2 Comments 19 July 2010

Shimano M520 Clipless pedal

If you’re not an avid biker, you probably might not know what a clipless pedal is. Even their name is a bit confusing, as it originally meant that “It is not a toe clip pedal, so it’s clipless” and people just continued calling it that. You might have spotted these small, funny looking pedals on bikes that usually look about half the weight of your bike, but if you’re driving any longer distances clipless pedals are very, very good investment.

As we spoke earlier in our post about shoes and soles, a hard sole is important but it’s even better if your foot is attached to the pedal. It is not only helping you control your bicycle better, it allows you to make use of the upstroke on your other foot – which naturally helps you conserve energy, go faster and allow you to climb those hills much easier.

We went on a search for clipless pedals on a budget, it’s best to buy a bundle with pedals and shoes since you’ll usually save money with them. We ended up with a bundle from local Finnish retail chain: Bike Planet and their offer of a Shimano branded bundle. It included the Shimano PD-M520 clipless pedal and the Shimano SH-M063 (the review for the shoe is out tomorrow) show with cleats for 99 euros.

You could also buy them separately from say, our partner Chain Reaction Cycles for about the same price – but as it always is with shoes, it’s better to try them on before buying.

So, a clipless pedal has two clamps on the pedal and the shoe has a cleat that the clamps grab. It works very similar to alpine skiing boots and the ski bindings, you clip to attach to the pedal and twist your foot to release. If someone tells you it’s difficult and/or dangerous, they’re lying. Modern clipless pedals are very easy to use and you can select the ease of release from the screw you can see in the image above on the bottom half, left from the Shimano logo in the pedal.

While the producer describes the PD-M520 (that’s Pedal, model 520 in Shimano language) as an off-road pedal, you can use it wherever you want. As long as you’re connected to the pedal, you don’t really care what kind of pedal you have. The pedal attaches to the shoe with a nice and loud (enough) click that you know you’re good to go and in all honesty, the pedals are large enough to pedal even with normal shoes. My shoes are size 48 (euro, which is about 13 in the UK?) and I have no problems with the pedals.

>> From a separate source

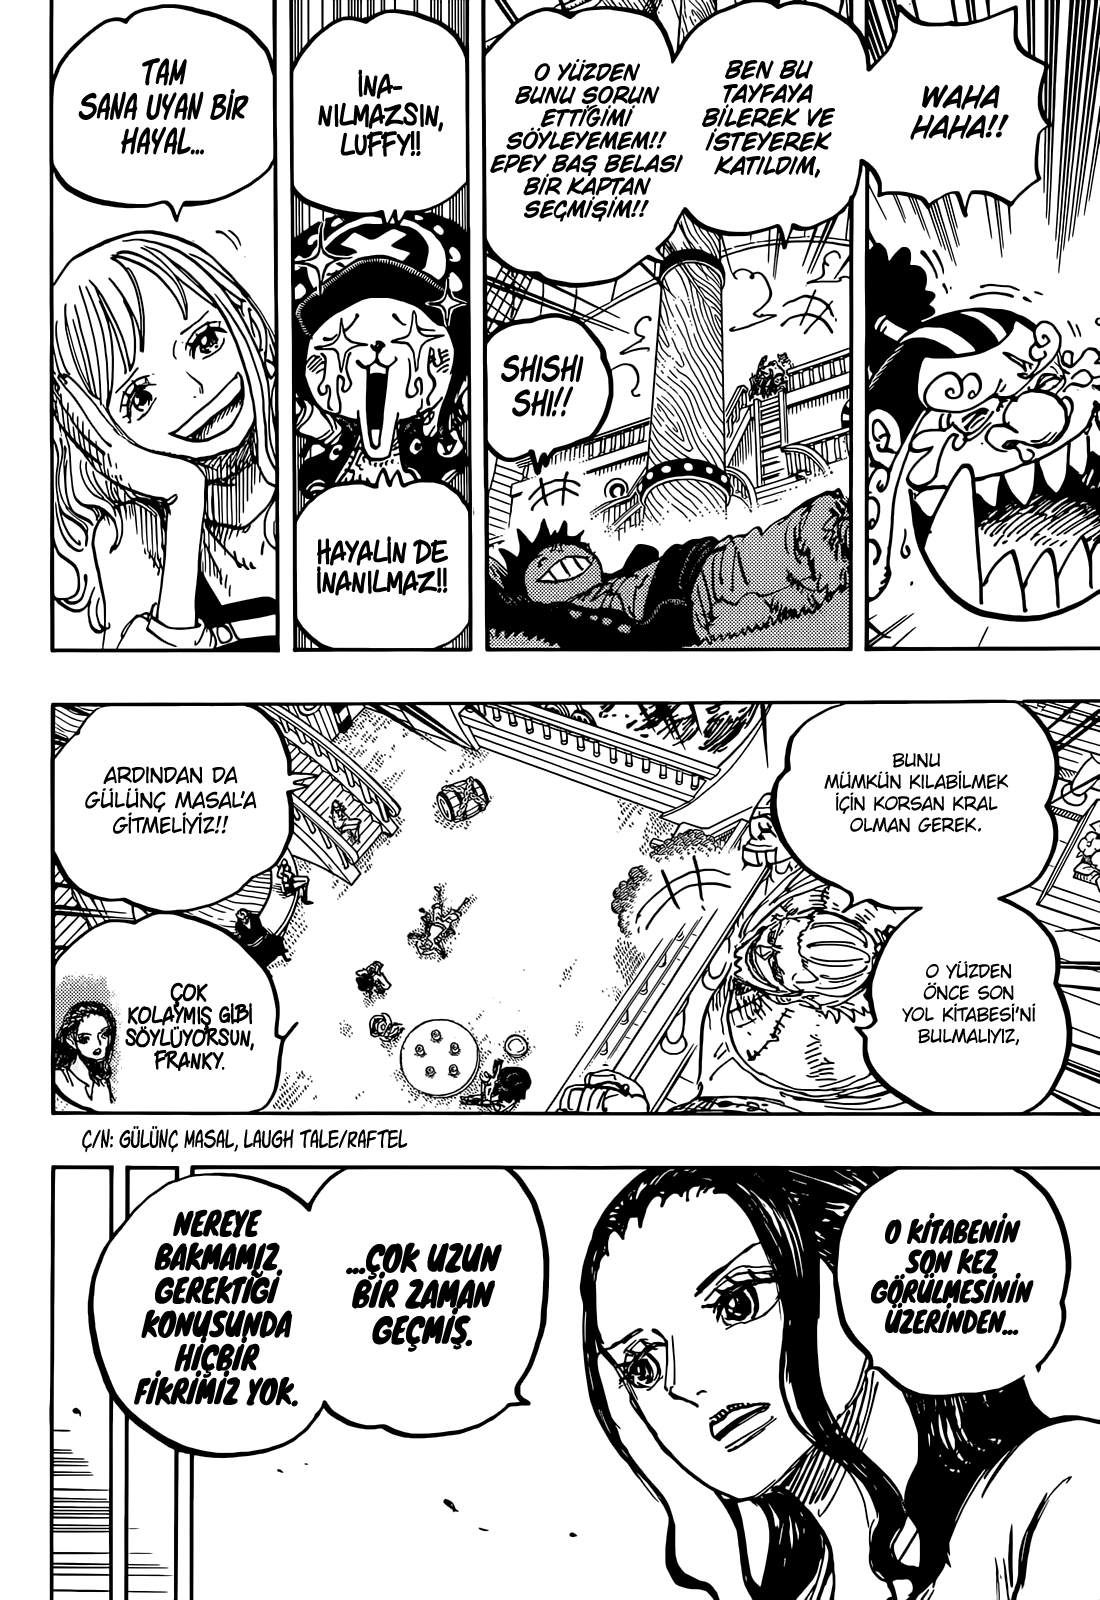 Spoiler] - 1062 Öngörüş  One Piece Türkiye Fan Sayfası, One Piece Türkçe  Manga, One Piece Bölümler, One Piece Film

The good thing about the “off-road” aspect of these pedals is that they’re an open design, allowing muck and grime to flush through instead of having planes where it could gather and hinder the operation of the pedaling mechanism. For their affordability, availability and care-free operation, the PD520 comes highly recommended for a starter pedal.

Our verdict: ★★★★½

The price/quality with these pedals is astounding, even more so if you find them in the discount bin which you can often do.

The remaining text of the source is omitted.